------ Available data

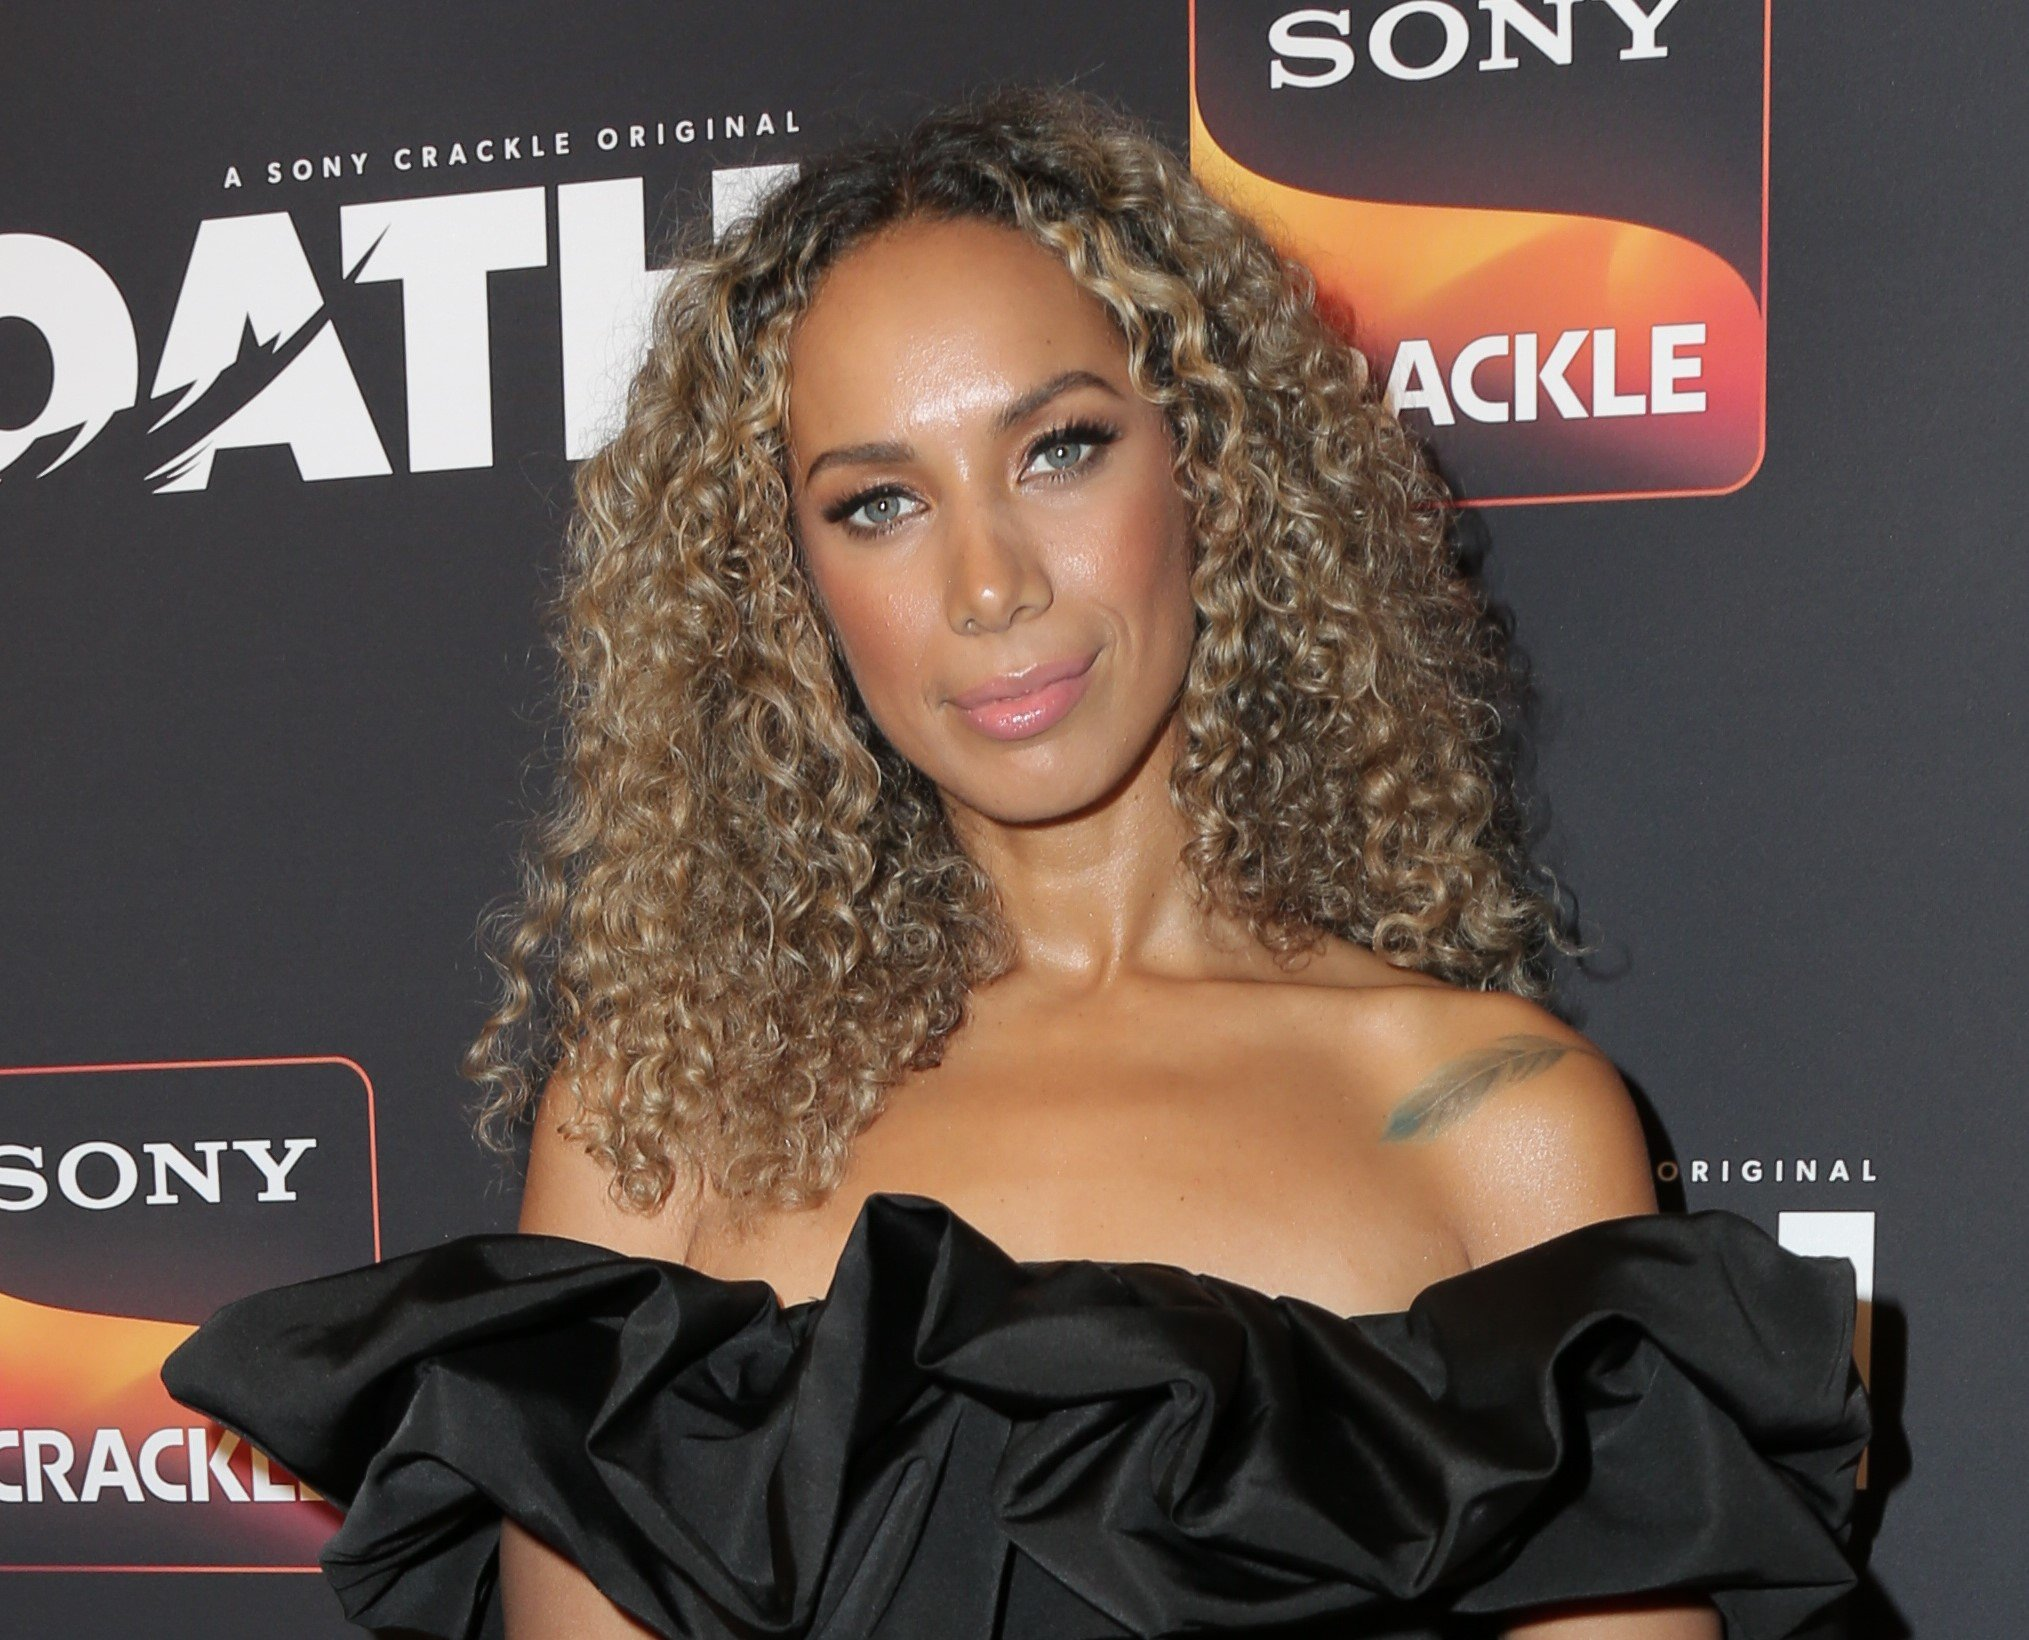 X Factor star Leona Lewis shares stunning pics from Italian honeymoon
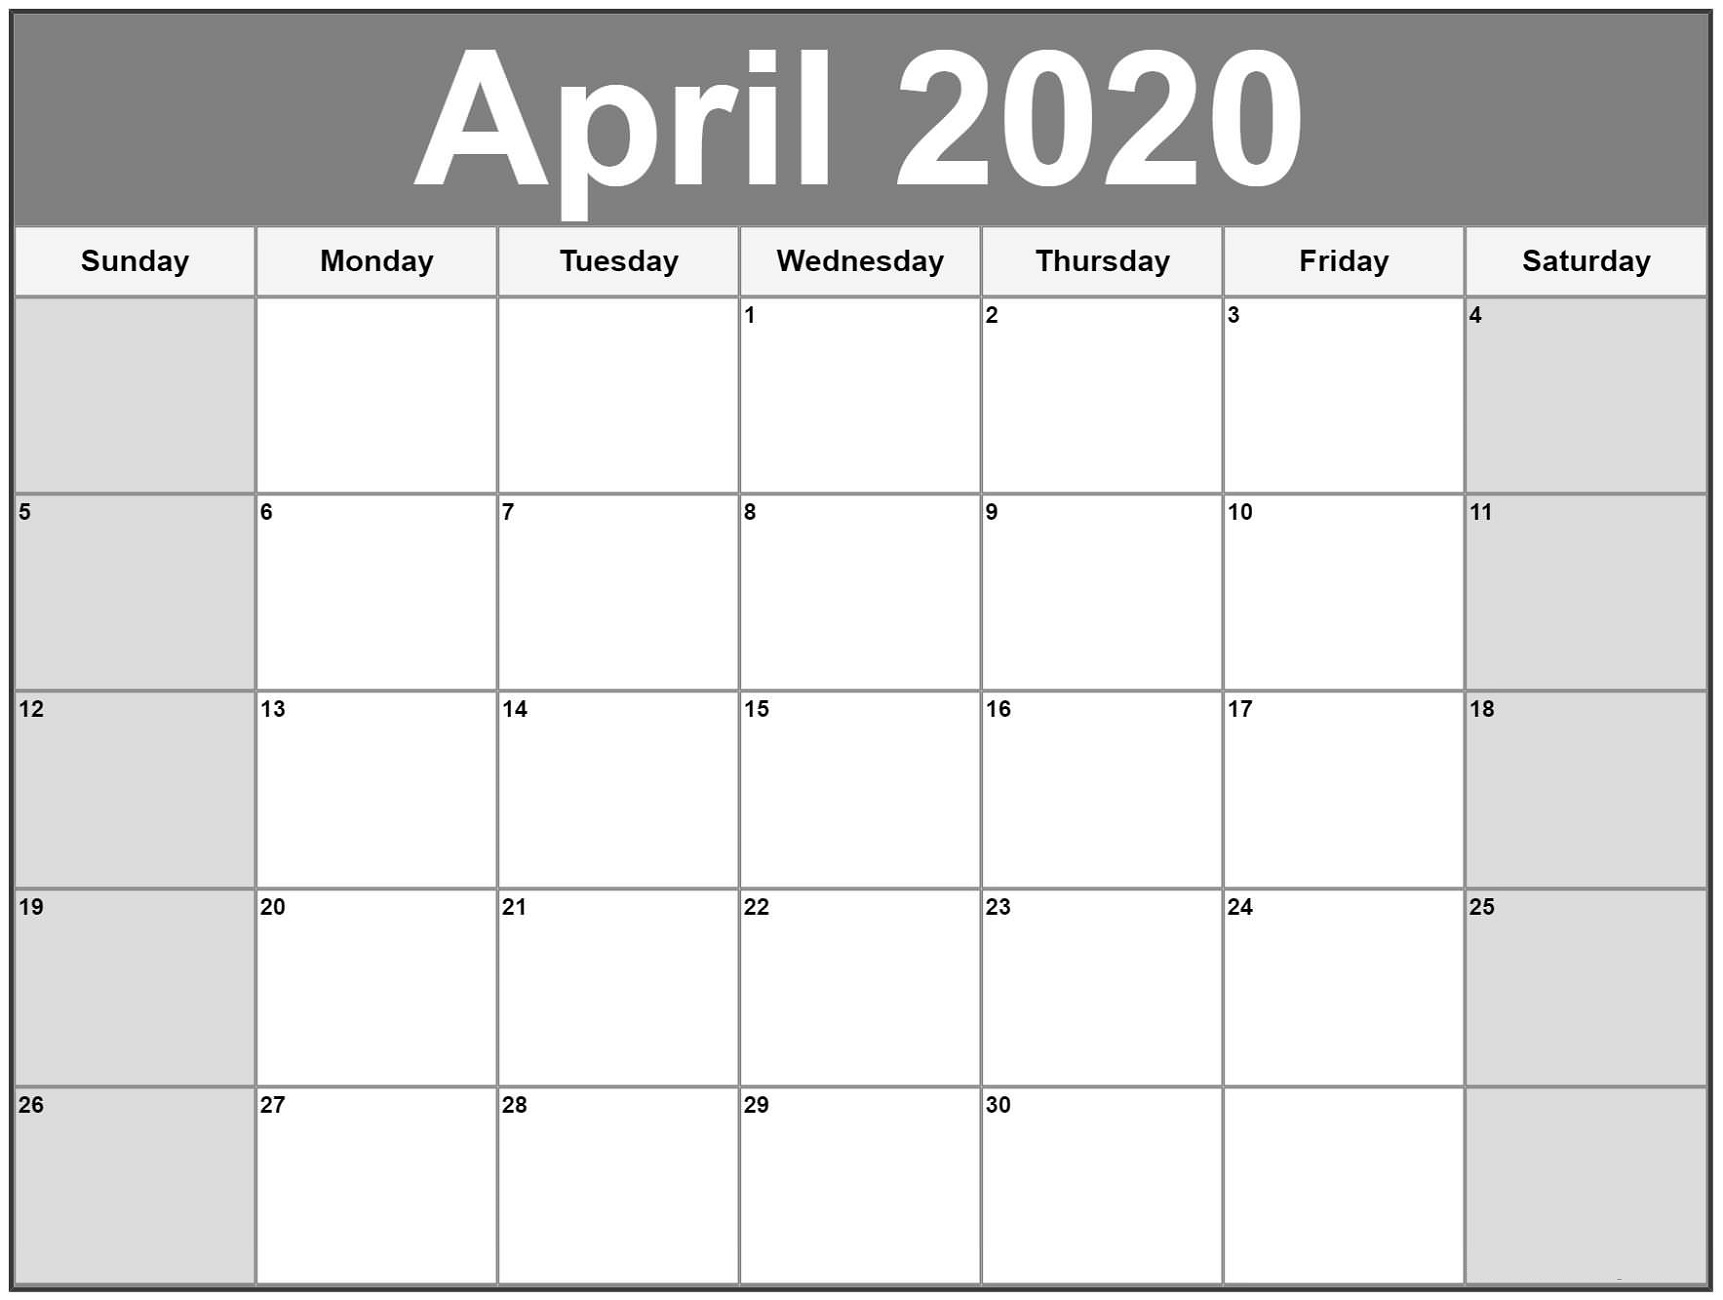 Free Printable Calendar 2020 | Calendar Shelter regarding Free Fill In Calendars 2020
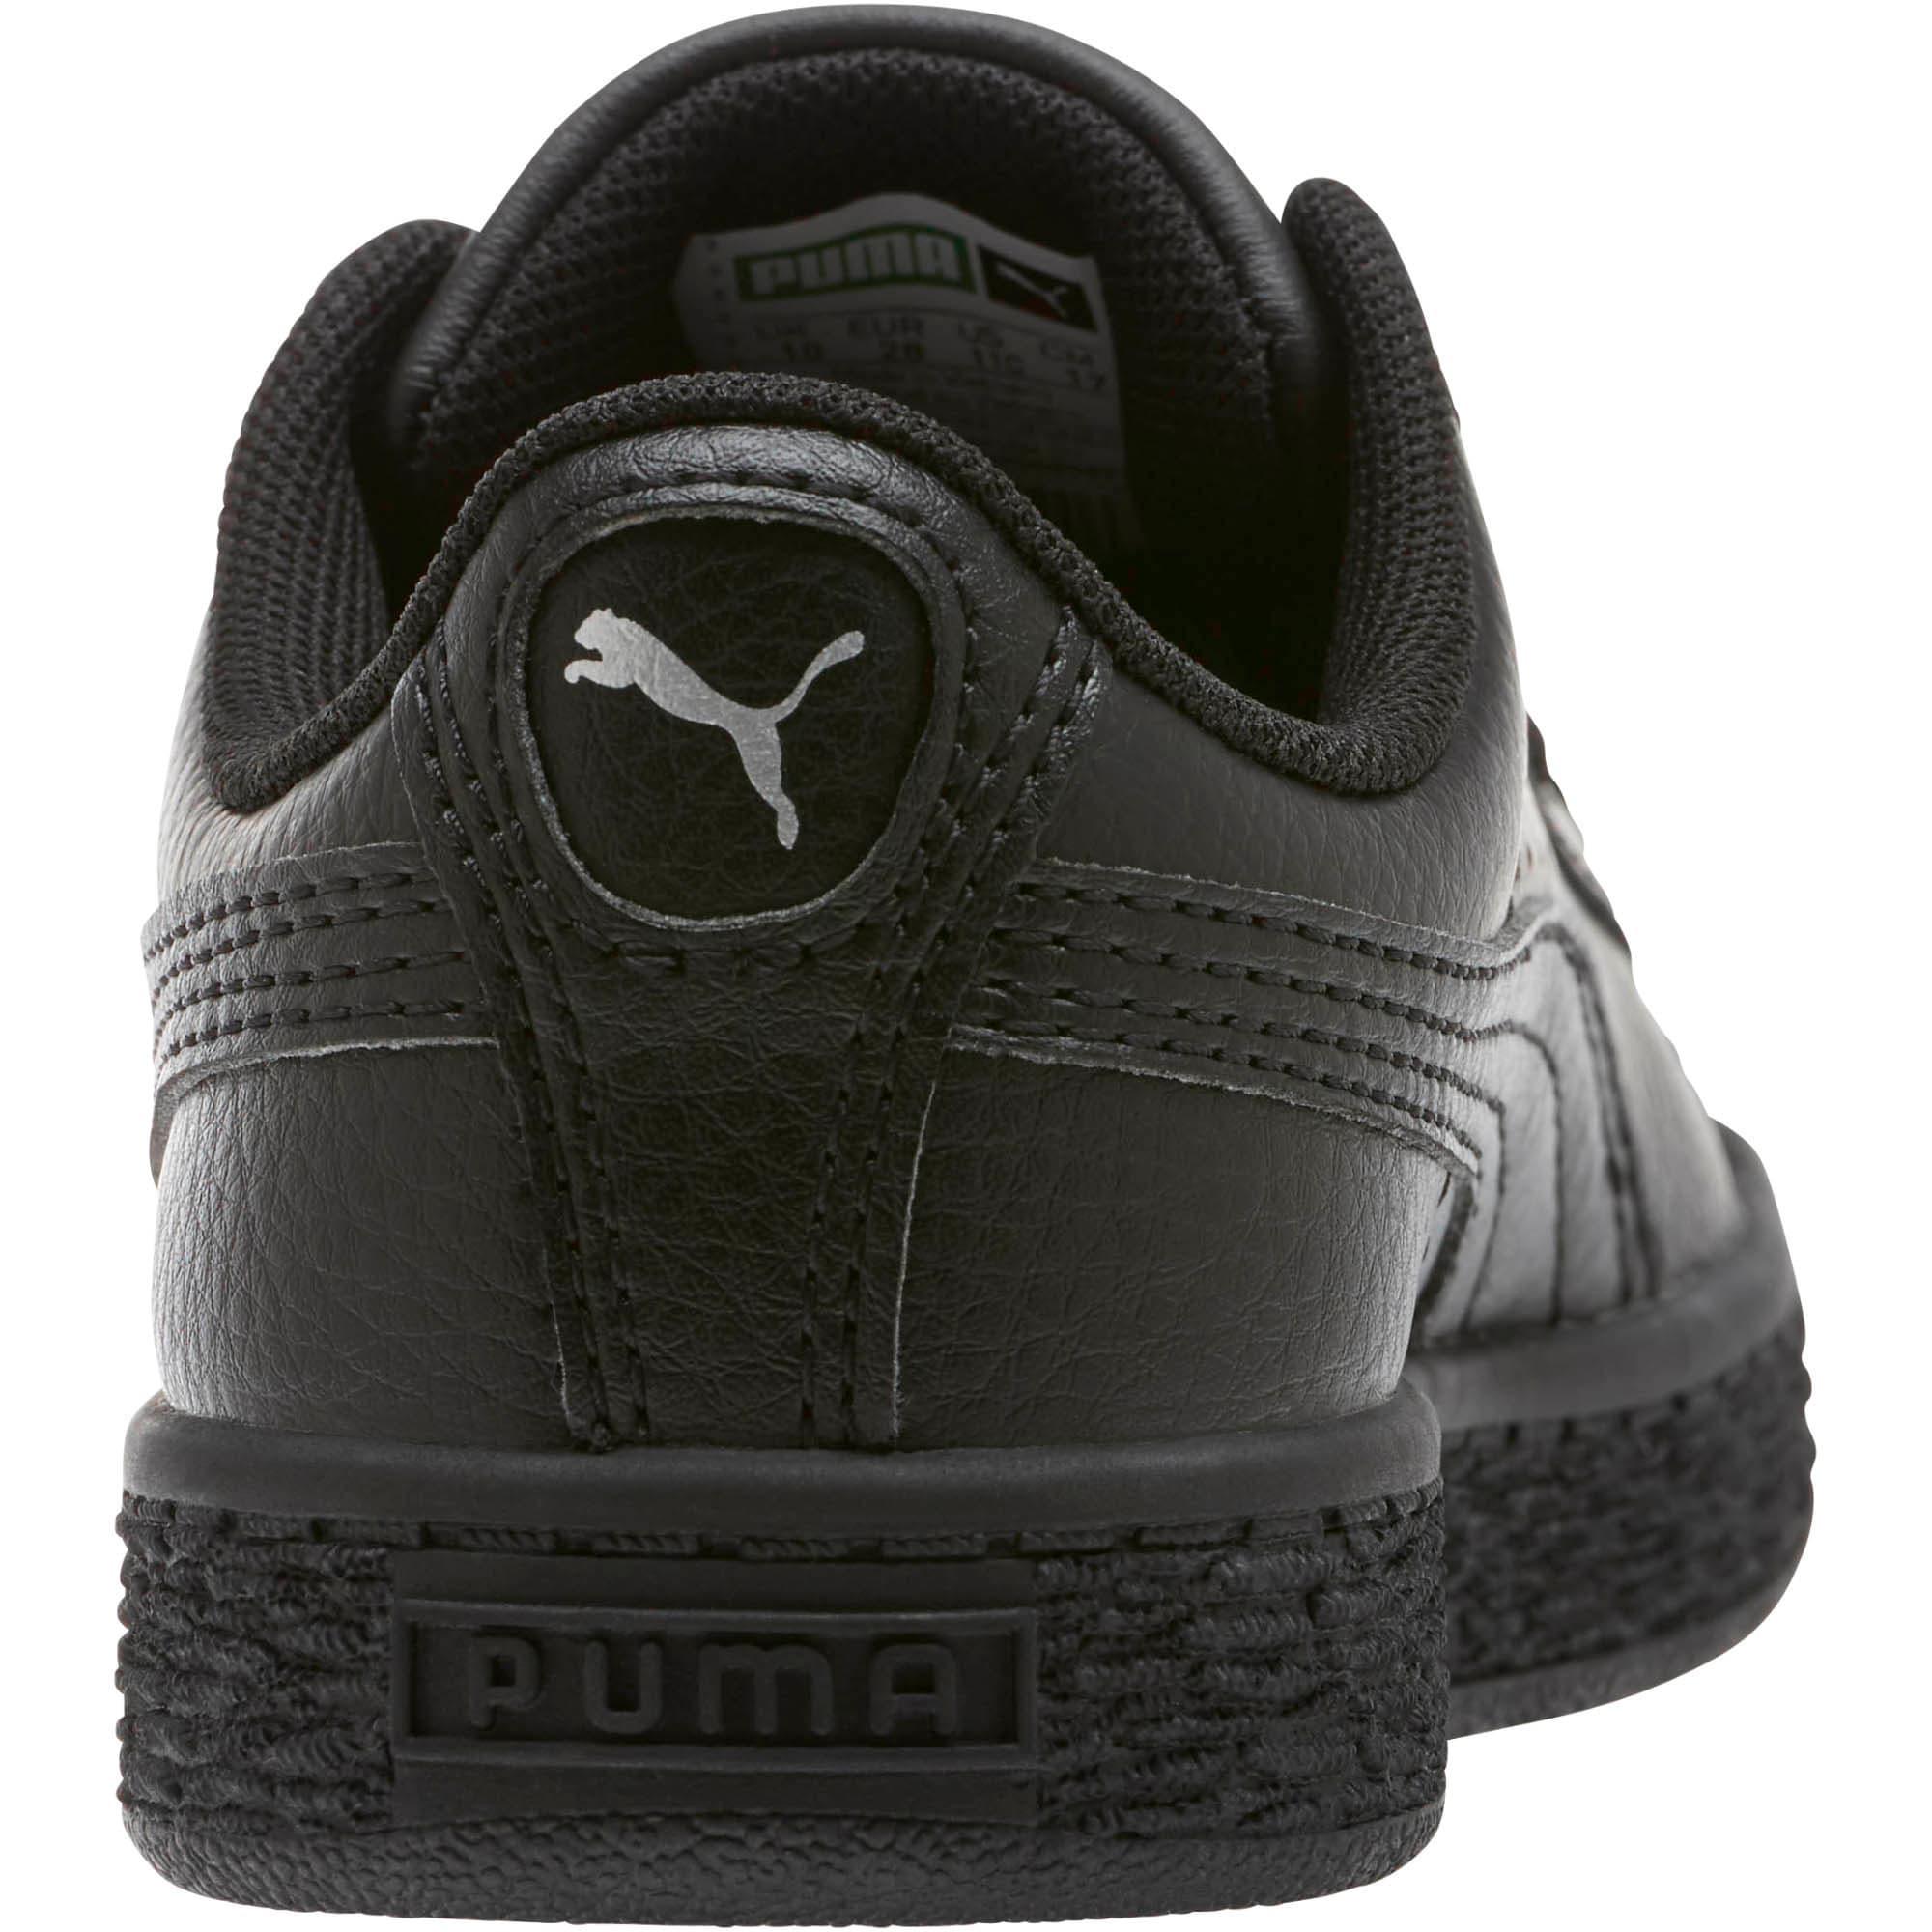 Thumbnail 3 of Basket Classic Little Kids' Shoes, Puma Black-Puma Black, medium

------------

Since the pictures are not wanted, repeat only the rest of the material, exactly as given.

 X Factor star Leona Lewis shares stunning pics from Italian honeymoon
 Free Printable Calendar 2020 | Calendar Shelter regarding Free Fill In Calendars 2020
 Thumbnail 3 of Basket Classic Little Kids' Shoes, Puma Black-Puma Black, medium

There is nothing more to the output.